Saat lagi menulis tulisan ini, saya tahu persis jumlah  peralatan dapur saya dan saya juga bisa ingat dimana posisinya sekarang. Pakaian rumahku hanya Dua pasang dan saya sangat menyukai pakaian rumahku tersebut mencucinya dengan hati-hati, saya punya Dua pasang baju gereja, dan 4 baju kerja, Dua rok dan 2 celana kerja.Â
Pakaian yang saya punya merupakan pakaian yang benar-benar saya suka, dan membelinya dengan hati-hati. Apapun itu ketika ingin membeli yang baru saya biasanya memikirkan kembali berkali-kali agar tidak terjadi lagi seperti saya yang dulu (suka membeli barang yang tidak digunakan). Ketika ingin membeli baju yang baru, berarti ada baju yang saya punya sebelumnya harus disingkirkan, entah saya sudah bosan, atau kebesaran.Â
Biasanya saya memberikan kepada orang lain yang membutuhkan, terakhir saya memberikan sebuah alat masak air fryer ke kaka saya. Saya merasa bahwa saya cukup memiliki 1 teflon yang bisa saya gunakan untuk masak sayur, dan lauk dengan berbagai jenis masakan.

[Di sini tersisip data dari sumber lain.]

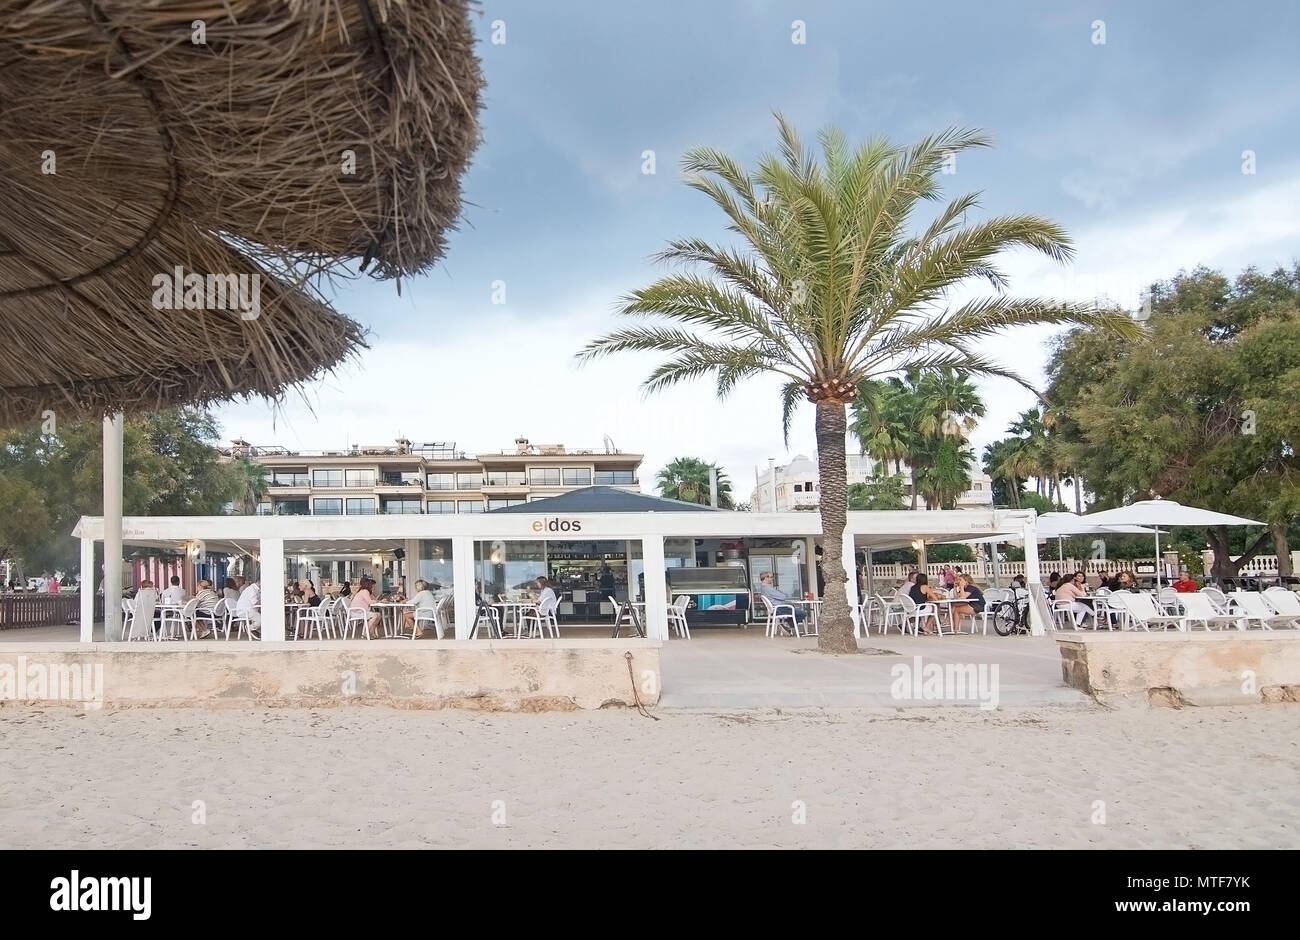 MALLORCA, Balearen, SPANIEN - 22. SEPTEMBER 2017: Eldos Beach bar vom Strand am 22. September 2017 auf Mallorca, Balearen, Spanien. Stockfoto

Ketika saya memutuskan hanya memiliki barang yang benar-benar saya butuhkan, saya merasa bisa hemat karena saya tidak membutuhkan untuk menambah barang, tempat tinggalkku semakin luas, saya juga tidak disibukan lagi untuk merapikan peralatan dapur yang tidak digunakan, ketika membersihkan tempat tinggal saya, saya hanya mengangkat Kasur tipis saya ke jemuran kemudian langsung berberes, saya tidak mempunyai bantal kepala maupun bantal guling, walaupun begitu saya bisa tidur dengan nyenyak menggunakan Kasur yang tipis dan tanpa bantal.Â
Saya tidak punya pendingin ruangan seperti kipas angin maupun AC, ketika suhu ruangan panas saya hanya membutuhkan baju panas dan saya pun nyaman, saya juga tidak memiliki kulkas untuk menyimpan makanan, karena saya tidak suka stok makanan, jika ingin makan saya tinggal beli di kios terdekat lalu mengolahnya dengan baik dan makan.Â
Semua pakaian dan beberapa peralatan kerja seperti laptop saya simpan di atas kursi sofa berukuran Dua dudukan yang disiapkan oleh tuan kos. Saat handak ke kantor saya tidak repot-repot memikirkan pakaian mana yang hendak dipakai, saya tidak perlu membongkar penyimpanan pakaian karena saya sudah tahu persis pakaian mana yang harus saya kenakan. karena jumlah pakaian yang sedikit dan semuanya saya suka.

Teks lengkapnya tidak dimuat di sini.